Why would you want to be with me, God? Don’t you know who I am?

I cannot relate to a loving father. Let me be fair. I know my dad loves me – in whatever his idea of love is. I give him that. But then you tell me about a Heavenly Father who loves me. Uh… I know what the Bible says. I know.  It is the very first time that I am experiencing this kind of love, though.

God also has revealed to me that I know nothing about unconditional love. I grew up learning behaviors, and I made them my own to survive. Making people feel guilty, putting people down in order to feel better myself, I manipulated and controlled others. I basically knew emotional blackmail very well. I have blamed others for my lack of self control, and I have let others abuse me. I have tried to fill my need for love and acceptance the best way I had known so far. I don’t forgive. I always remember so that I can bring it back.

God has been been so very gentle and sweet while giving me a reality check of who I am now. I feel like I should not use these corny terms to describe the Maker of the Universe, but He has been so very gentle. Like if I was dating somebody for the very first time, He would be the perfect date. He has shown me that He has loved me forever. That even though I have rejected Him, He is still waiting for me to come back. That now that I had a clear picture of who I was, I was able to walk towards the woman He made me to be. And all this, He does because He loves me. Nothing else.

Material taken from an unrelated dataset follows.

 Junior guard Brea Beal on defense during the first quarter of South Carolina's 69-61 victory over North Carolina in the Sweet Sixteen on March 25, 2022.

God is not codependent, that’s for sure. He doesn’t need me. And He loves me. Unconditionally. So it began to make sense. This intimacy thing. This is what it means. It means that God knows who we really are, and He loves us. There’s acceptance. There is no condemnation for those who are in Christ Jesus. It meant that I didn’t fear divorce anymore. Becasue the truth is that my husband is a gift God gave me. He is my husband, and I want to know him, and I want him to know me. So I’ve been open in sharing with him these feelings and issues, and he says he loves me. It means conflict and arguments are there. It means I don’t need perfection. It means I feel accepted. And I also need to work on being accepting.

God loves me. I wanted this with God. Yes, with my husband, too. But God. With God. This is the relationship God wants with me. Why would I say NO to that?

I bought myself a ring. I married God. My other marriage is fine, by the way. We are learning to communicate better, and I’m not stuffing my feelings when I am angry. I’m learning to be assertive, and we are not divorcing – this goes beyond divorce. God is changing ME.

I am the Lord’s wife first. He is the one that will fulfill ALL the expectations of love I have. He is actually showing me what love really means. He has been faithful to me even when I have been a spiritual prostitute. He has shown me what a Covenant Keeper He is. He does not leave nor forsake me based on my performance. He has lived with me the book of Hosea. Even after I had gone after my Baals, my lovers, and forgotten Him; He has betrothed me in righteousness and justice, in steadfast love and mercy.

He is a devoted husband.

Your love is devoted like a ring of solid gold,
like a vow that is tested like a covenant of old.
Your love is enduring through the winter rain,
and beyond the horizon with mercy for today.
Faithful You have been and faithful you will be.
You pledge yourself to me, and it’s why I singYour praise will ever be on my lips, ever be on my lips

You Father the orphan. Your kindness makes us whole.
And you shoulder our weakness, and your strength becomes our own.
Now you’re making me like you, clothing me in white.
Bringing beauty from ashes, for You will have Your bride

Free of all her guilt and rid of all her shame
And known by her true name and it’s why I sing

Your praise will ever be on my lips, ever be on my lips

You will be praised. You will be praised.
With angels and saints we sing worthy are You Lord!

You see it? It is LOVE. It is nothing else. If you know what I am talking about, if you have struggled with acceptance and your self-worth, you understand the need to be loved. And you understand that you would give yourself to people, and do things in order to get a tiny crumb of love. You may not be aware of it, but you stay in relationships that deep down you know they are not good for you, or you don’t even like to get something – acceptance, praise, whatever it might be.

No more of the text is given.